WORK INSTRUCTIONS: Nothing but the lines below from the one holding "3 Lions, But What Does That Mean?" up to and including the one holding "VIVOHOME Expandable 43" should be copied, exactly and without pictures.

INPUT:
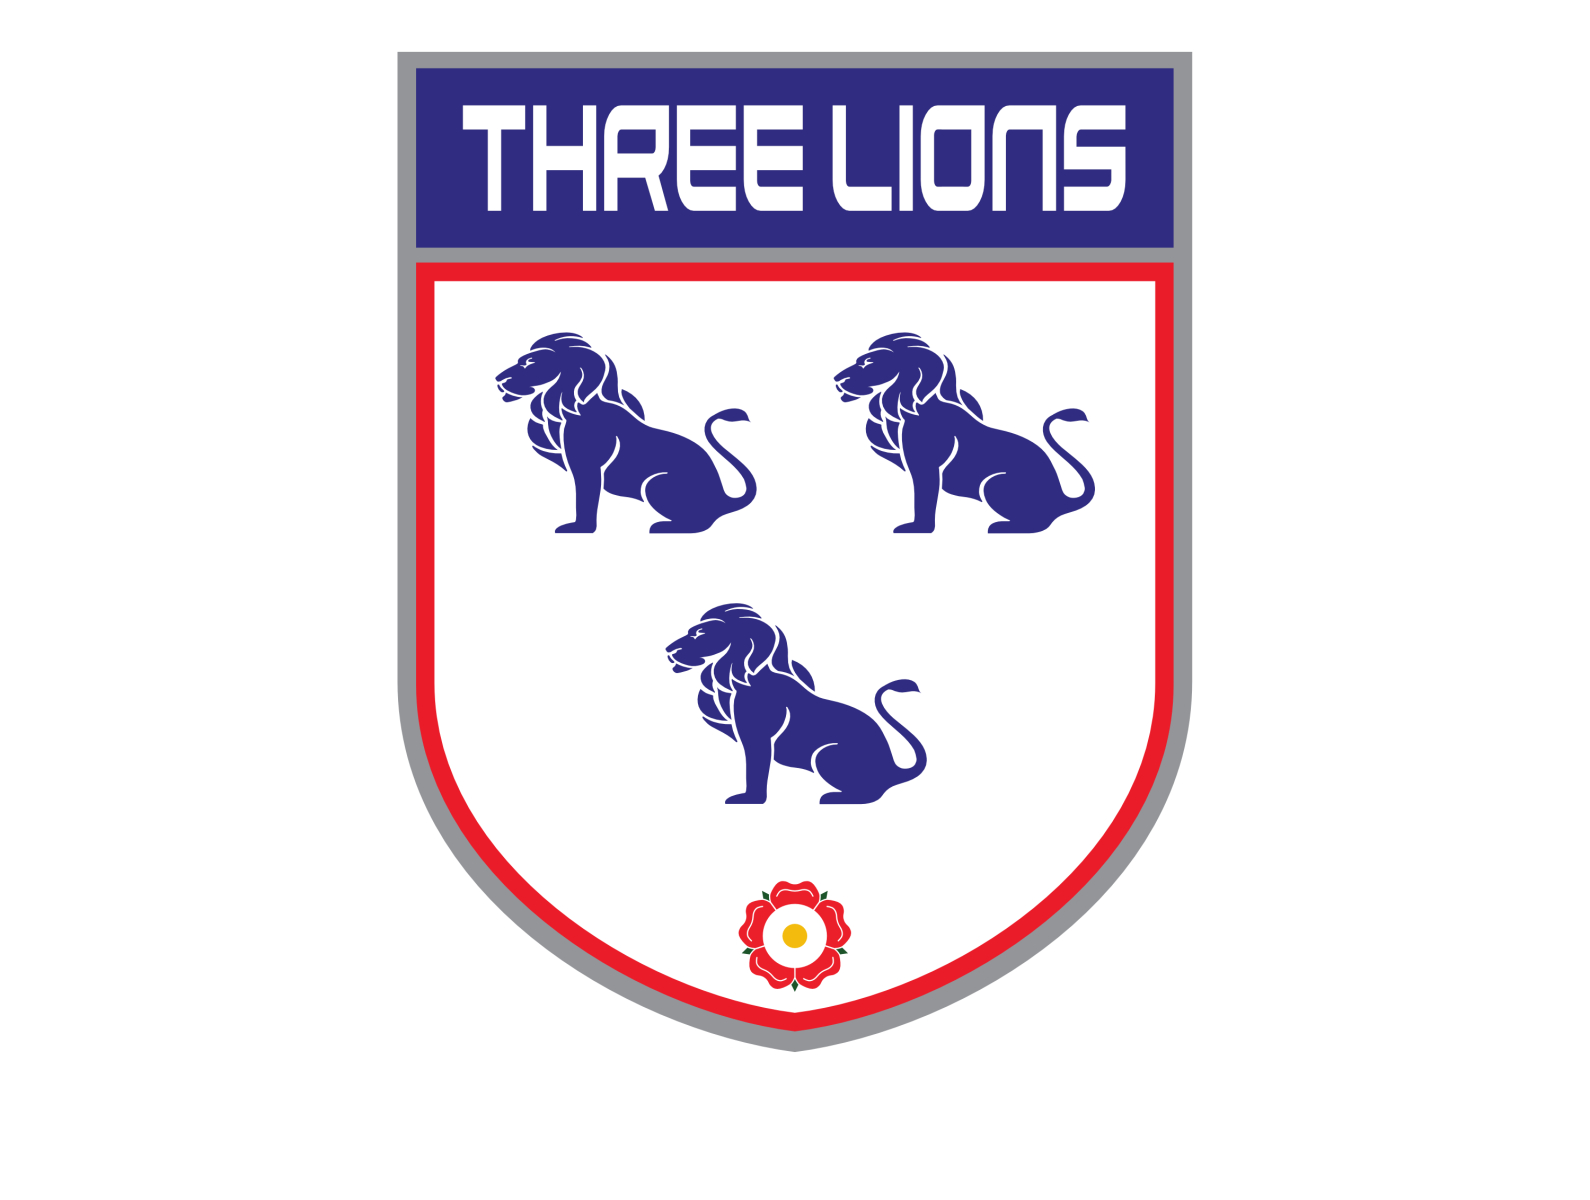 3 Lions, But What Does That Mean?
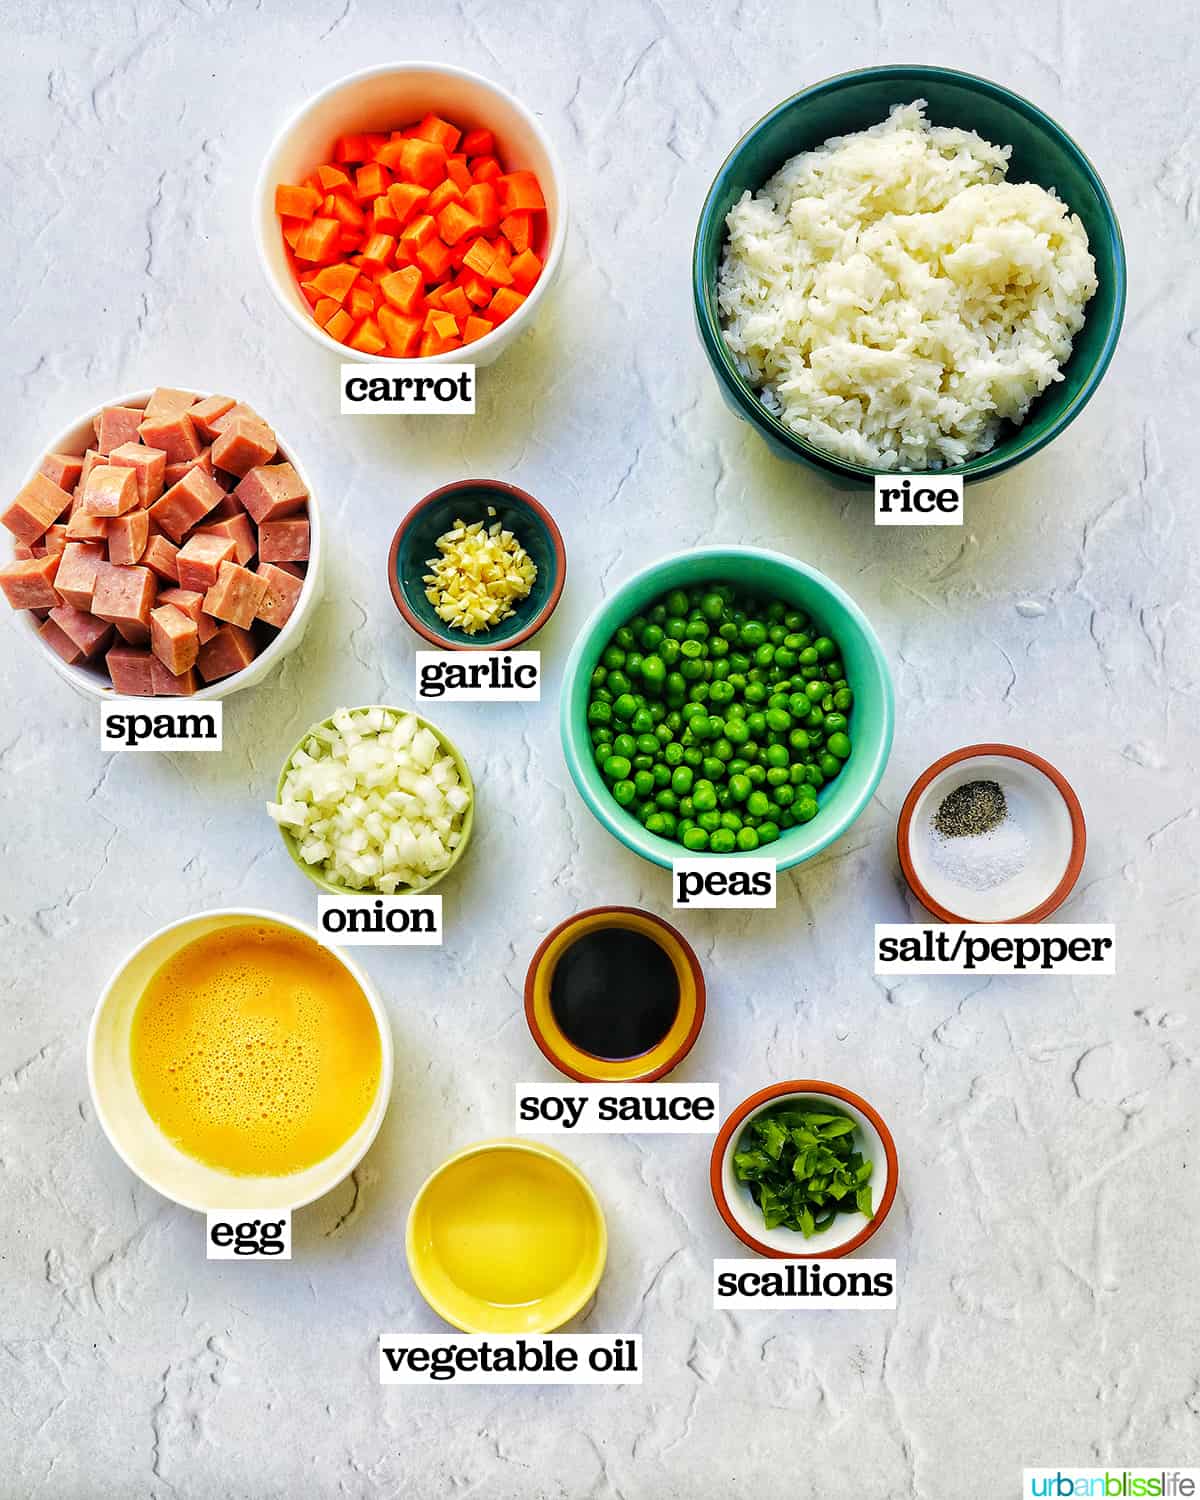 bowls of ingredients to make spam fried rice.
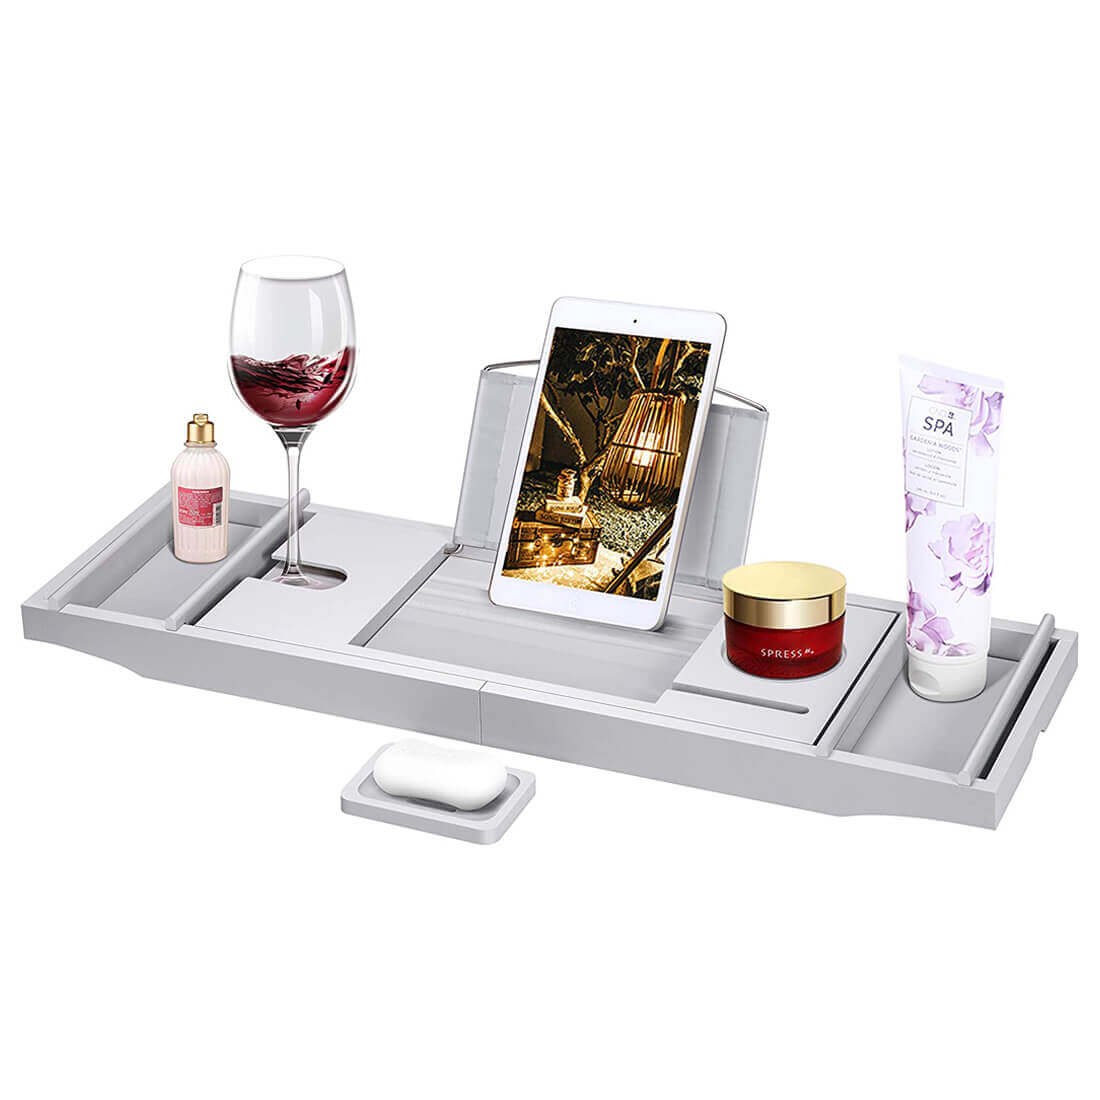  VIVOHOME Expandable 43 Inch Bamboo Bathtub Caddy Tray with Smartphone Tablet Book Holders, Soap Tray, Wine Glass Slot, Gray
---
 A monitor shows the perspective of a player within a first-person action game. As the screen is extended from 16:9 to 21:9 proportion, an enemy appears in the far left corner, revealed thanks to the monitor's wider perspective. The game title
--
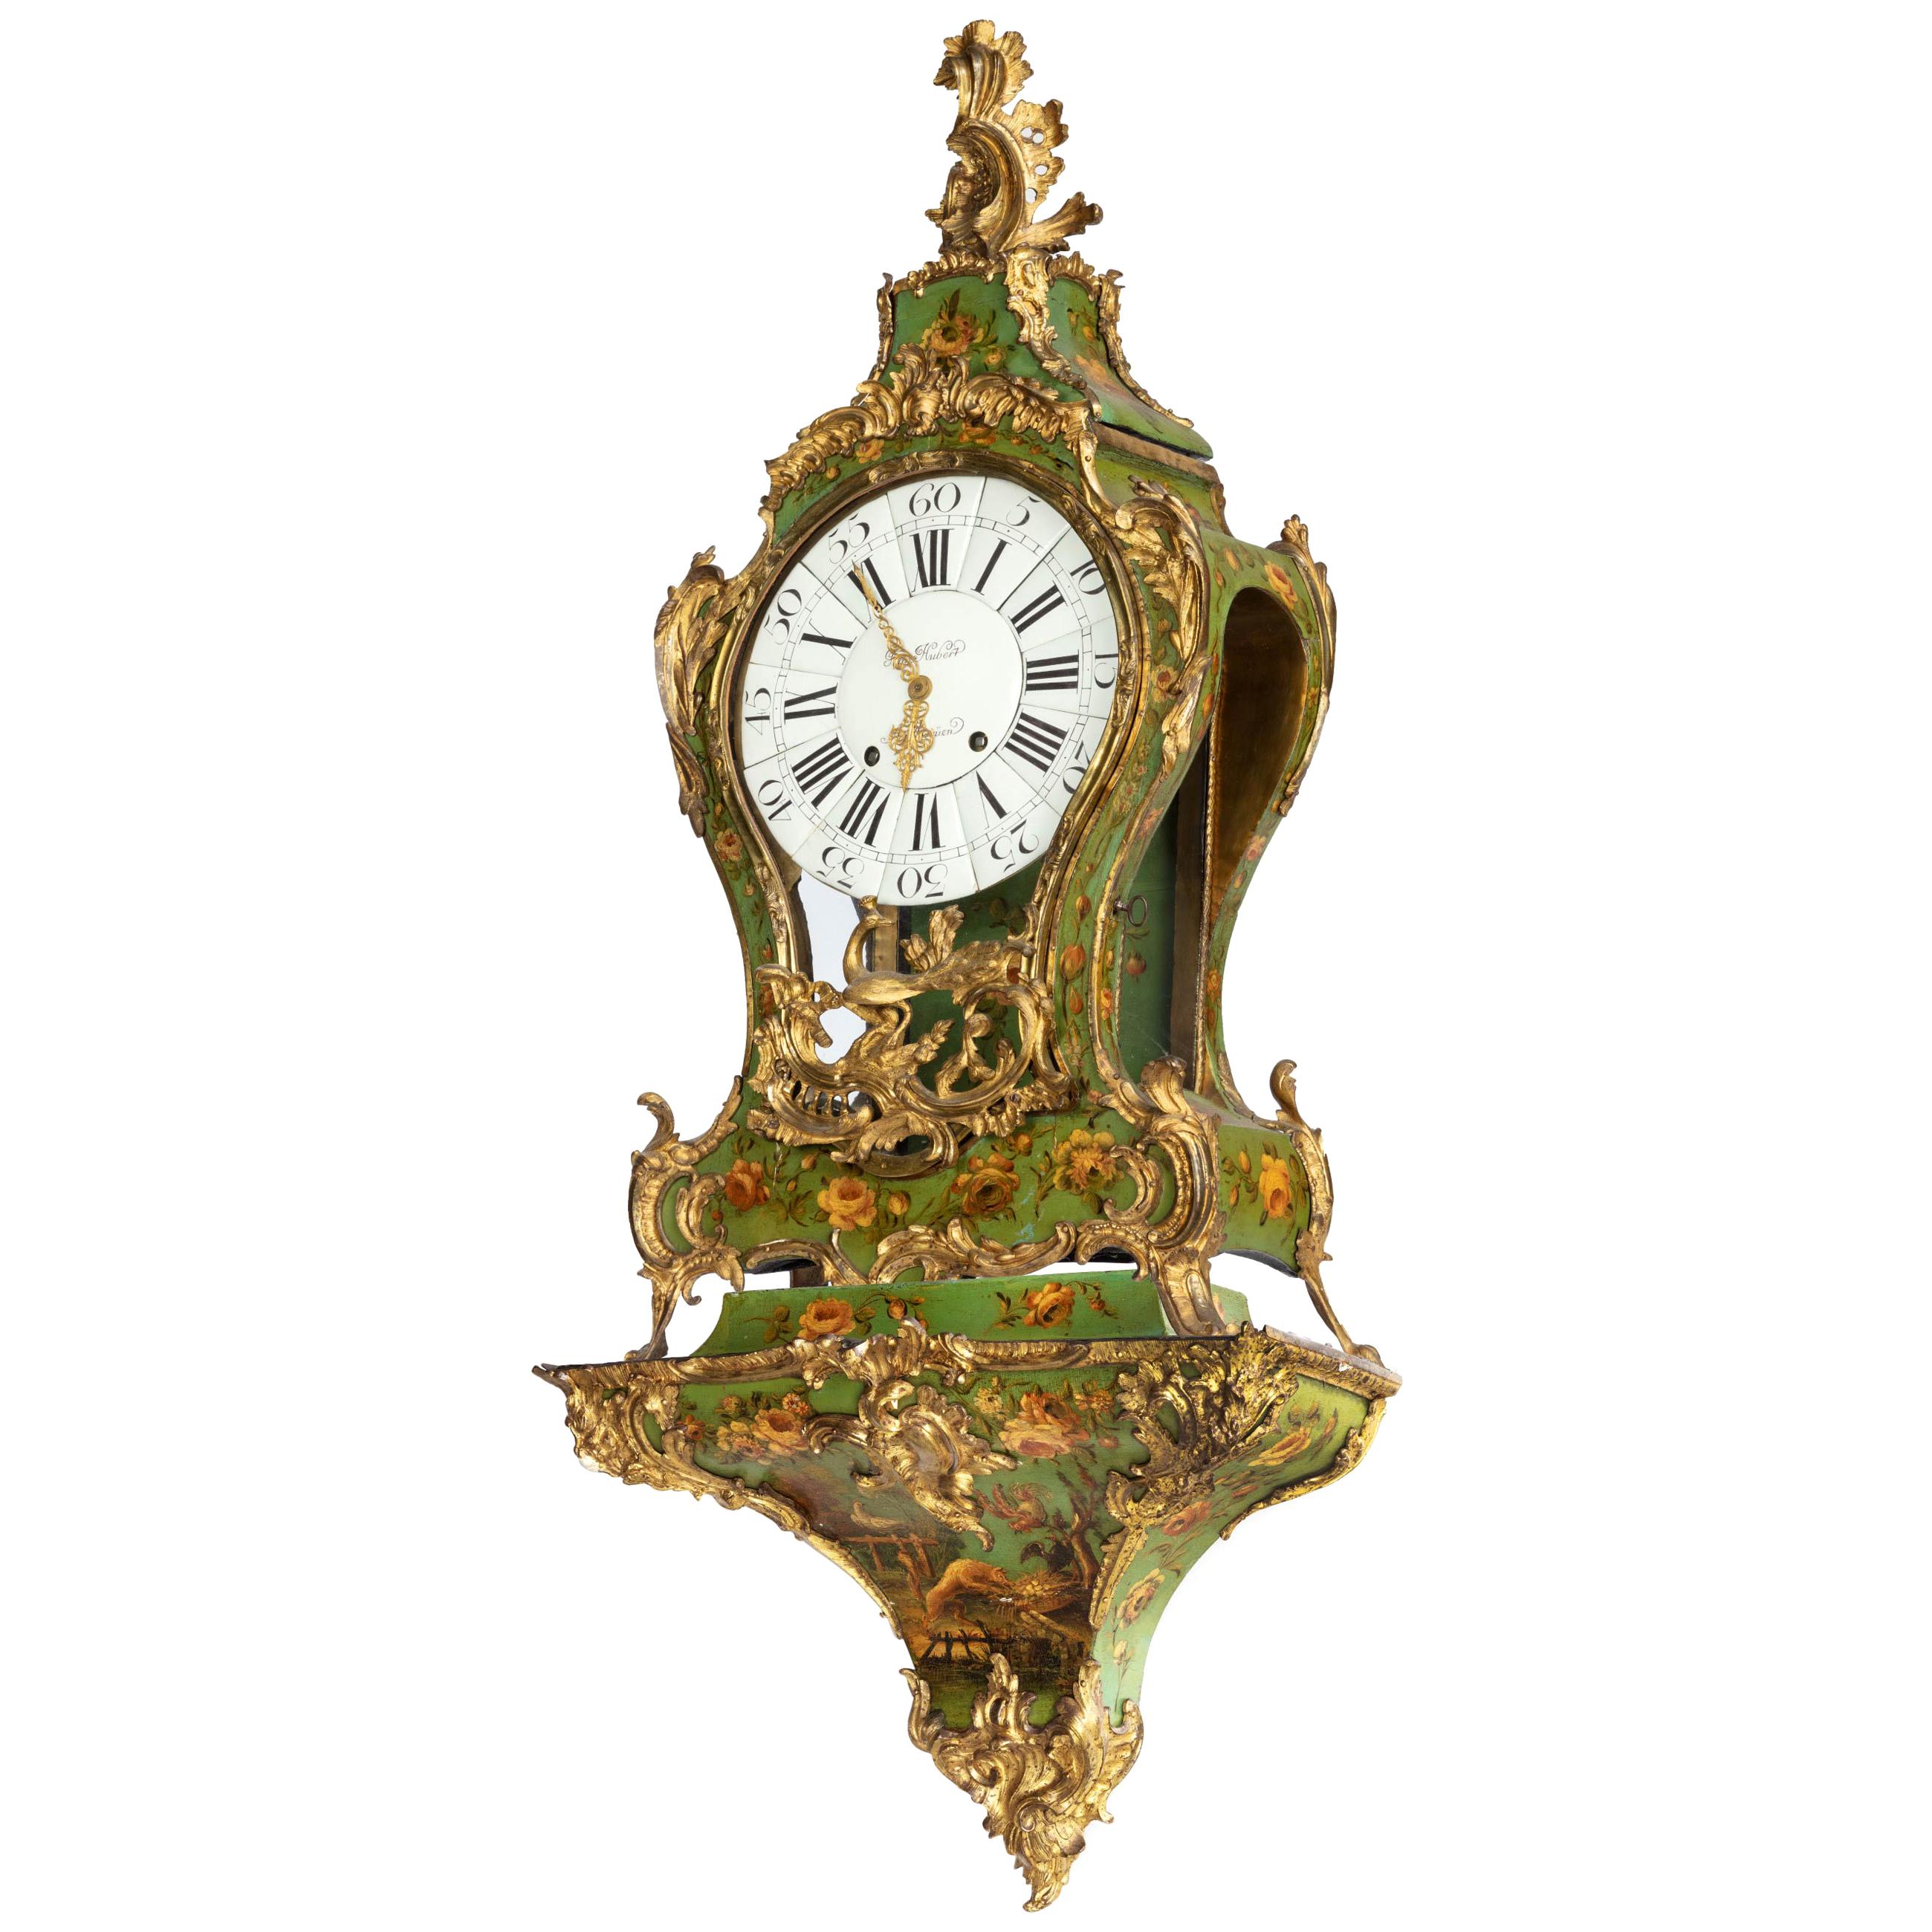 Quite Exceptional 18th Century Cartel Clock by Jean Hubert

RESPONSE TO THIS EXERCISE:
 3 Lions, But What Does That Mean?
 bowls of ingredients to make spam fried rice.
  VIVOHOME Expandable 43 Inch Bamboo Bathtub Caddy Tray with Smartphone Tablet Book Holders, Soap Tray, Wine Glass Slot, Gray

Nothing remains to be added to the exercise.